Most teams looking at “Modal vs Baseten” have the same constraint: you want GPU-backed inference that can sit at zero for hours and then eat a traffic spike without blowing your latency budget or your cloud bill. At the same time, you need grown-up deployment features—rollbacks, custom domains, auth, logging—because this is production, not a weekend demo. This article breaks down how those constraints play out on cost, scale-to-zero behavior, and production mechanics, with a bias toward the one thing that actually matters: how much you spend to ship stable features fast.

Key Benefits:

Lower cost for spiky traffic: Modal’s serverless execution and sub‑second cold starts mean you don’t need warm replicas idling just to protect P95 latency.
Code-defined production workflows: Rollbacks, scaling, retries, and cron are all Python, not point‑and‑click state you forget to screenshot before a deploy.
Full AI infrastructure surface: Inference, training, evals, batch jobs, and sandboxes all share the same primitives (Images, Functions, Apps), so you don’t duplicate infra across tools.

Why This Matters

LLM and model-serving workloads are almost never smooth. You run evals in bursts, you get traffic spikes from a launch, and your usage looks more like a sawtooth than a flat line. If your provider makes you pay for always‑on replicas to hit latency targets, the infra bill quickly dominates your unit economics.

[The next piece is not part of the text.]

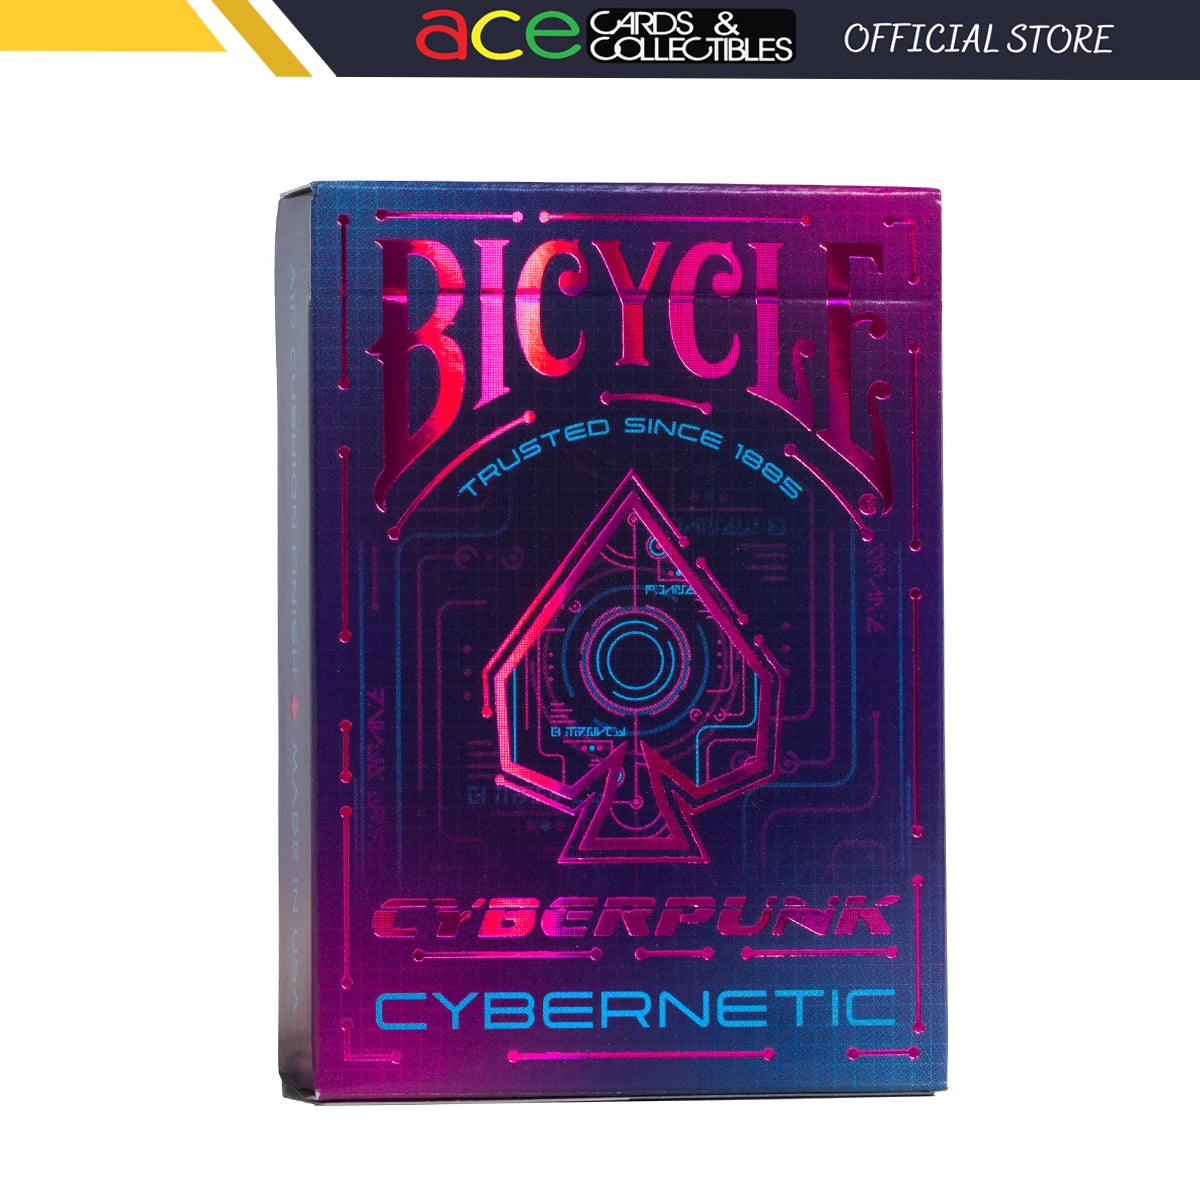 Bicycle Cyberpunk Cybernetic Playing Cards-United States Playing Cards Company-Ace Cards &amp; Collectibles

The right platform here doesn’t just “support” scale‑to‑zero—it lets you aggressively scale to zero between spikes without destroying tail latency, and it gives you production features (rollbacks, custom domains, auth, observability) as first‑class concepts. Otherwise, you end up duct-taping an inference tool into a real backend stack, with all the migration and incident pain that implies.

Core Concepts & Key Points

Concept	Definition	Why it's important
Scale-to-zero economics	Only paying for CPU/GPU when requests are actually running, with containers torn down between bursts.	Determines whether spiky workloads cost 10s or 1000s of dollars per month. Modal is optimized for this pattern with sub‑second cold starts.
Programmable infra (Python-first)	Defining environment, hardware, scaling, endpoints, and deployment logic directly in Python code.	Keeps your infra versioned, reviewable, and testable. Rollbacks and release strategies become git operations instead of manual UI clicks.
Production controls	Features like custom domains, rollbacks, auth, logging, retries, and multi-GPU scheduling.	These are the difference between “model demo” and “system you can safely put behind a product and an on‑call rotation.” Modal leans heavily into this.

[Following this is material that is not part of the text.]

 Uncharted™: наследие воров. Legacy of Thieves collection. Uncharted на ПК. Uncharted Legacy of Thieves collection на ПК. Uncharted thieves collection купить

Cost Model: Spiky Traffic and Scale-to-Zero

Let’s anchor on a concrete workload: a GPU-backed inference endpoint that usually sits at zero but occasionally spikes to a few thousand requests per minute—for example, an internal eval tool or a product feature in early rollout.

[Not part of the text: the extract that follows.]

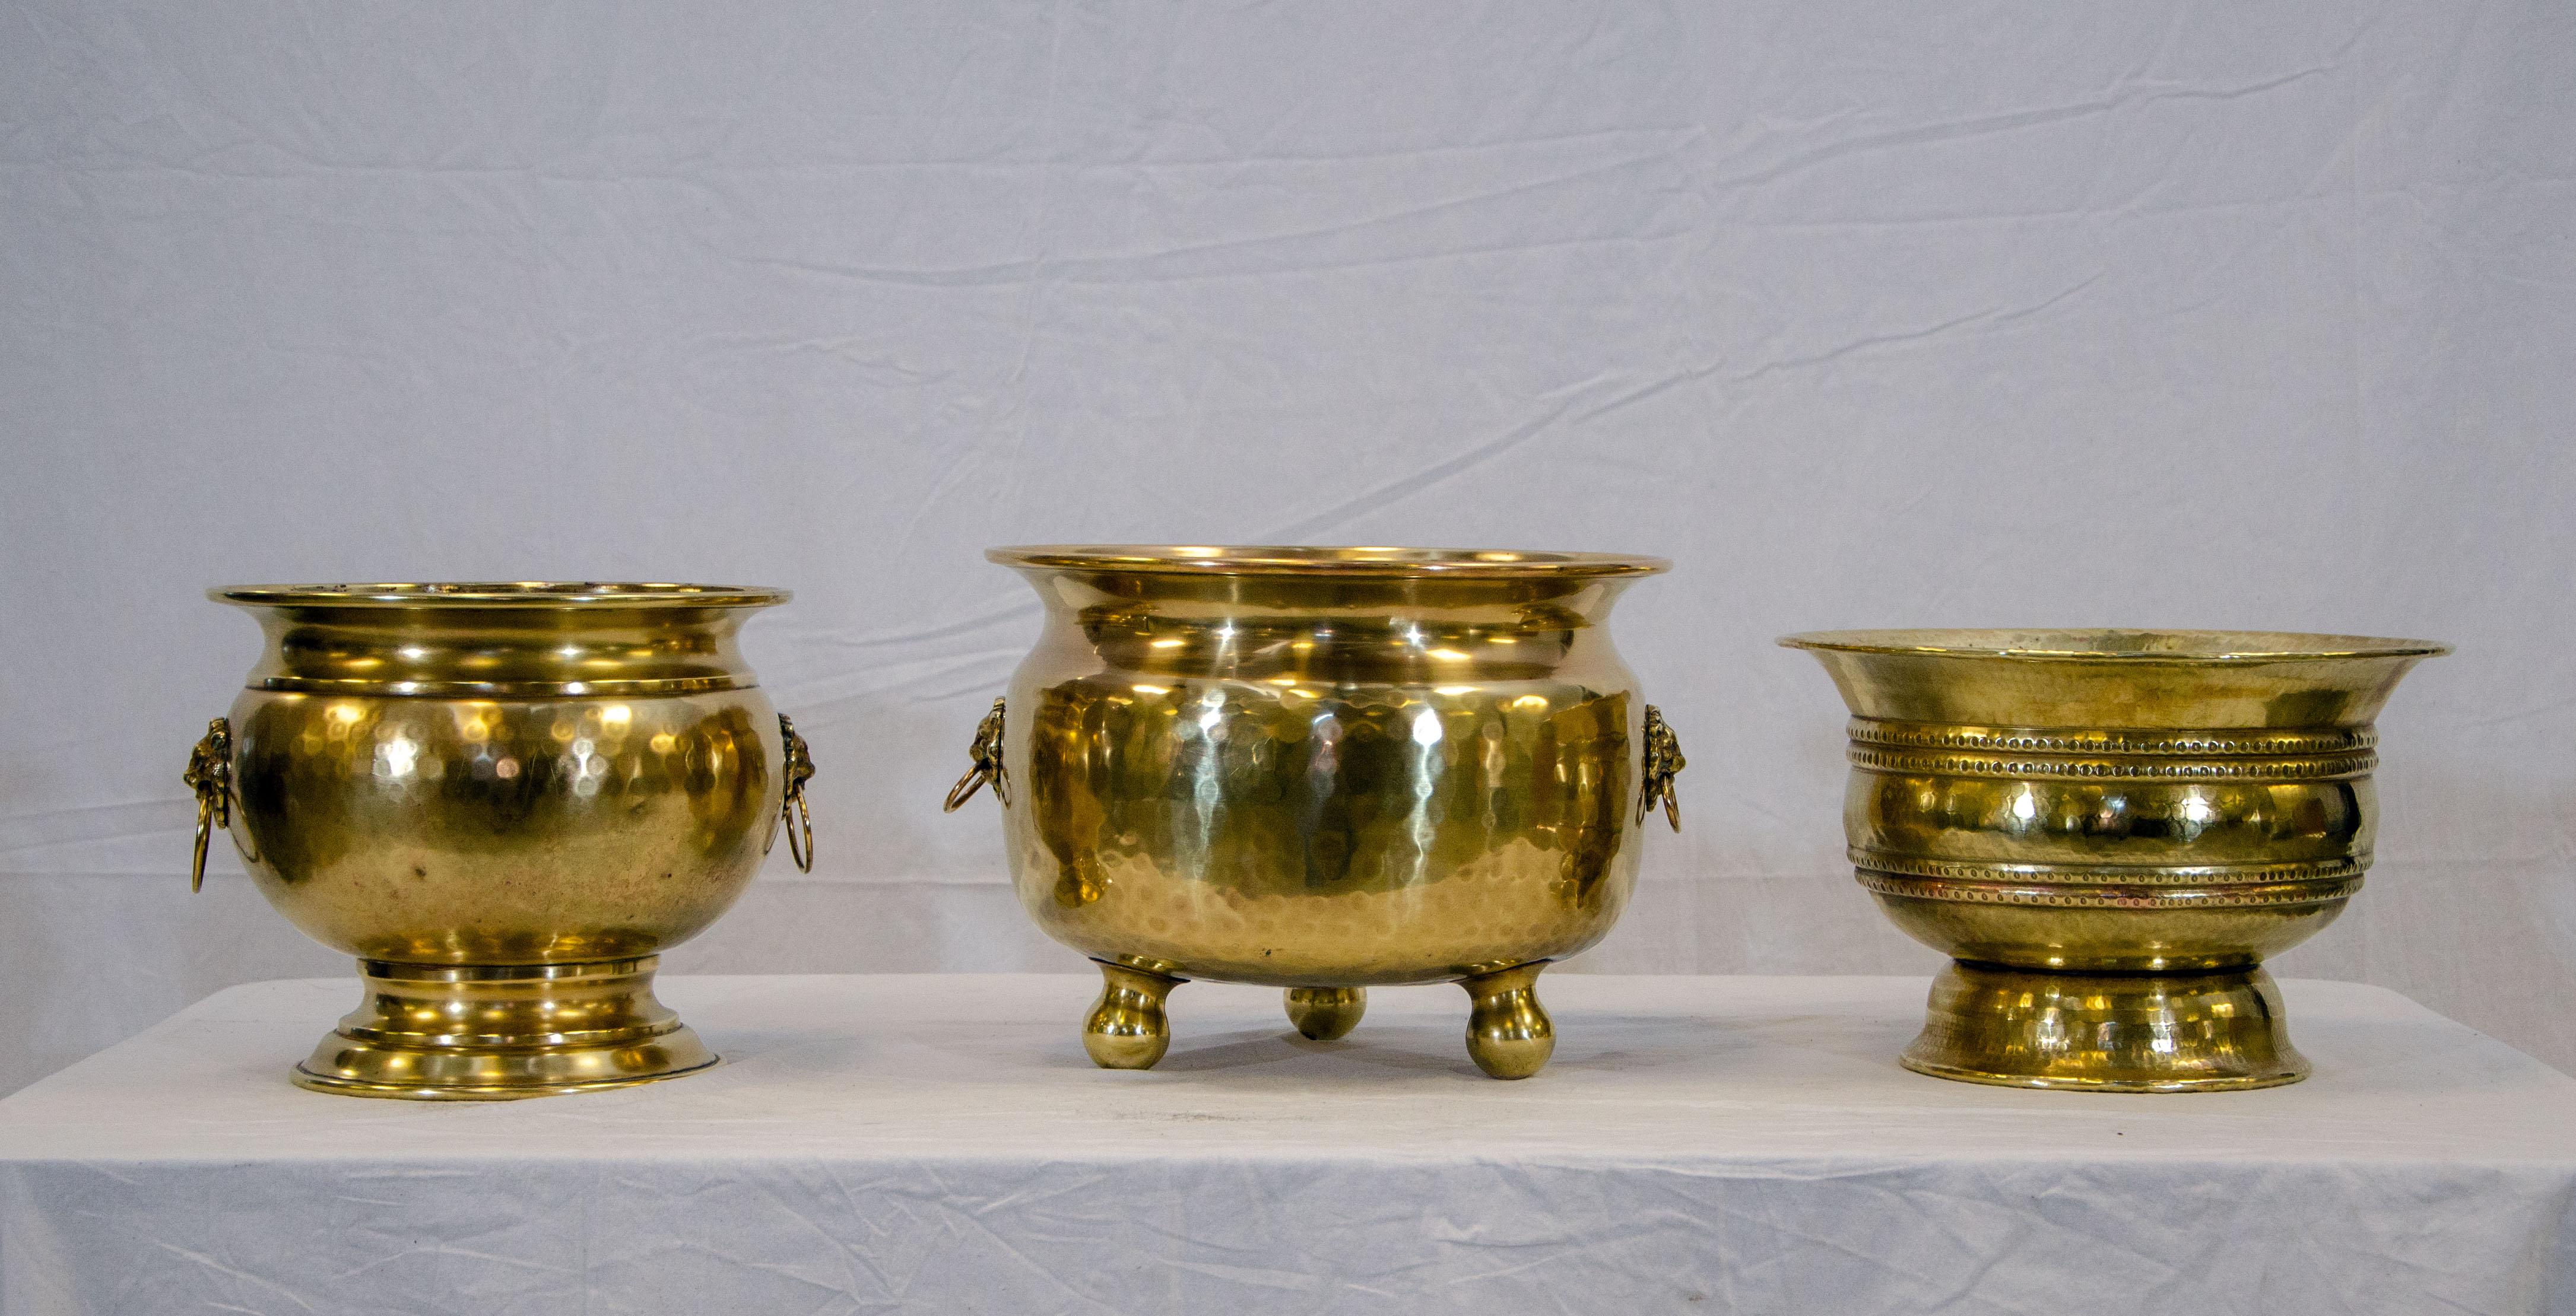 Collection of 3 Hammered Brass Jardinières, Cache Pot, Planters For Sale 2

How Modal charges for this scenario

Modal’s mental model is “you pay for compute while it’s doing work”:

No long‑lived replica requirement: You don’t need a constantly-warm GPU just to avoid catastrophic cold starts.
Sub‑second cold starts: Containers and models spin up fast enough that you can actually scale from zero on the hot path.
Elastic autoscaling: When the spike hits, Modal schedules containers across a multi‑cloud capacity pool (thousands of GPUs, including H100, A100, A10G, etc.) and scales back to zero when idle.
You control hardware in code: Want to swap from an A10G to an A100:2 for a heavy batch job? Change the decorator, redeploy.

For a spiky workload—say, 50k inferences/day with bursts and long idle periods—you’re paying for roughly “50k inferences × GPU time per inference,” plus a small control-plane overhead. There’s no hidden “replica tax” to keep your SLOs plausible.

How Baseten typically behaves for the same pattern

Baseten is pitched as a model-serving platform: you deploy a model, set autoscaling parameters, and it runs on a cluster of managed GPUs/CPUs. For tight latency guarantees, you’ll usually:

Keep one or more replicas warm to avoid cold starts.
Configure min replicas > 0 for production endpoints.
Accept that you’re paying for idle capacity even when traffic is zero.

For flat or high-utilization workloads, that’s acceptable. For spiky workloads, it’s where cost balloons: your monthly spend is bounded by “replicas × hours,” not “actual compute used.”

Because Modal is built around serverless execution and fast cold starts, it’s structurally better suited to bursty traffic: you scale to zero without losing the ability to handle spikes. That’s where the cost advantage shows up.

How Modal’s Scale-to-Zero Actually Works

You can think of Modal as “Python → scalable containers in seconds.” Let’s sketch the flow for a typical inference endpoint that must tolerate idle periods and spikes.

1. Define the environment and hardware in code

import modal

image = (
    modal.Image.debian_slim()
    .pip_install(
        "torch==2.2.1",
        "transformers==4.39.3",
        "accelerate==0.28.0",
    )
)

app = modal.App("spiky-inference")

GPU_TYPE = "A10G"  # or "A100", "H100", "A100:2" for multi-GPU

This is your container spec. No Dockerfile, no YAML, no separate build pipeline. The image build is cached and reused across cold starts.

2. Create a stateful model server with lifecycle hooks

from transformers import AutoModelForCausalLM, AutoTokenizer
import torch

@app.cls(image=image, gpu=GPU_TYPE, timeout=600)
class ModelServer:
    @modal.enter()
    def setup(self):
        self.tokenizer = AutoTokenizer.from_pretrained("mistralai/Mistral-7B-Instruct-v0.2")
        self.model = AutoModelForCausalLM.from_pretrained(
            "mistralai/Mistral-7B-Instruct-v0.2",
            torch_dtype=torch.float16,
            device_map="auto",
        )

    @modal.method()
    def generate(self, prompt: str) -> str:
        inputs = self.tokenizer(prompt, return_tensors="pt").to(self.model.device)
        out = self.model.generate(**inputs, max_new_tokens=256)
        return self.tokenizer.decode(out[0], skip_special_tokens=True)

Containers call setup() once per lifetime (not per request). Modal keeps them around while there’s traffic, then tears them down when idle.

3. Expose a web endpoint that scales to zero

from fastapi import FastAPI
from pydantic import BaseModel

web = FastAPI()

class Request(BaseModel):
    prompt: str

@modal.fastapi_endpoint(app=app)
def fastapi_app():
    @web.post("/generate")
    async def generate(req: Request):
        # this RPC fan-outs to a container, scaling up on demand
        return {"completion": await ModelServer().generate.remote(req.prompt)}

    return web

Deploy:

modal deploy spiky_inference.py

Modal will:

Start at zero containers.
On the first request, spin up a container, load the model, and serve traffic.
Keep containers warm as long as traffic continues.
Scale up on spikes (multiple containers) and down to zero when idle.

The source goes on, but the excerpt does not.